Antibiotic therapy for diarrhea is prescribed to suppress the pathological flora and restore normal eubiosis in the intestine. With infectious diarrhea, broad-spectrum antibiotics, quinolones, sulfonamides, nitrofurans are prescribed. The drugs of choice for intestinal infections are drugs that do not adversely affect the intestinal microbiocenosis (combined drugs, nifuroxazide). Sometimes, with diarrhea of ​​various origins, eubiotics may be prescribed. However, more often such treatment is prescribed after the signs of diarrhea subside to normalize the intestinal flora (eliminate dysbacteriosis).

As symptomatic agents, adsorbents are used, enveloping and astringent agents that neutralize organic acids. To regulate intestinal motility, loperamide is used, in addition, acting directly on the opiate receptors of the small intestine, reducing the secretory function of enterocytes and improving absorption. A pronounced antidiarrheal effect is exerted by somatostatin, which affects the secretory function.
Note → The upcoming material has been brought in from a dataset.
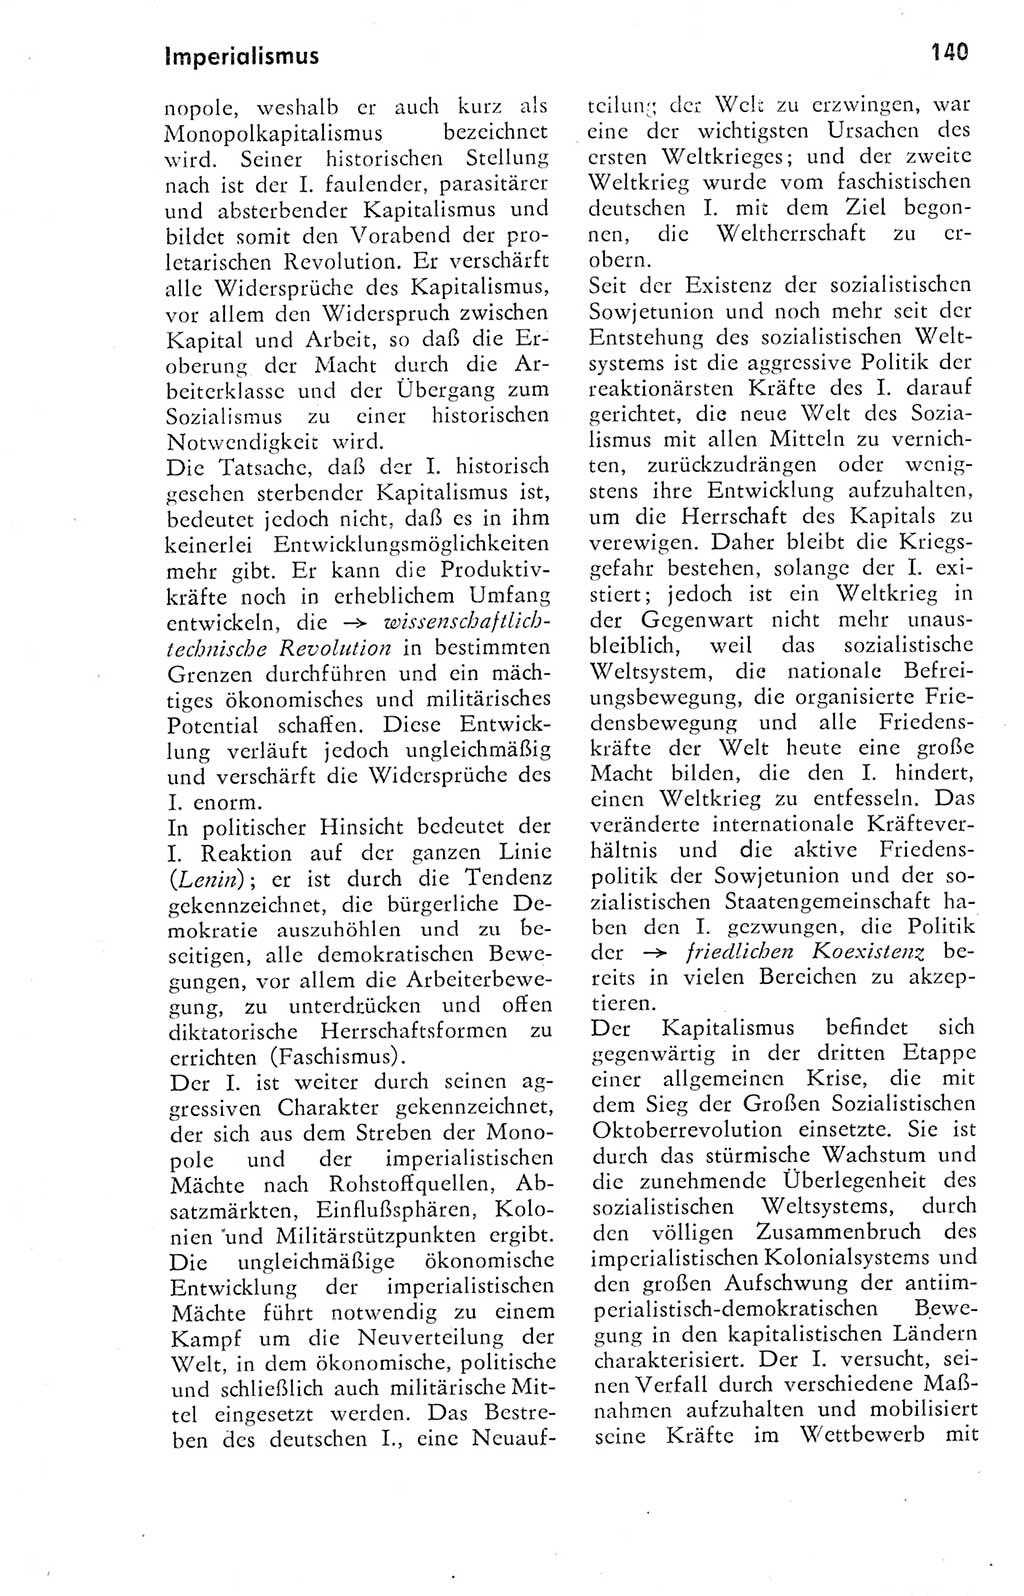 Kleines Wörterbuch der marxistisch-leninistischen Philosophie [Deutsche Demokratische Republik (DDR)] 1974, Seite 140 (Kl. Wb. ML Phil. DDR 1974, S. 140)

In infectious diarrhea, drugs that reduce intestinal motility are not used. Loss of fluid and electrolytes with prolonged and profuse diarrhea requires rehydration measures. Most patients are prescribed oral rehydration, but in 5-15% of cases there is a need for intravenous administration of electrolyte solutions.

Prevention of diarrhea

Diarrhea prevention includes body hygiene and nutrition. Washing hands before eating, thoroughly washing raw vegetables and fruits, and properly cooking food help avoid food poisoning and intestinal infections. In addition, it is worth remembering the need to avoid drinking raw water, unfamiliar and suspicious food, food products that can cause an allergic reaction.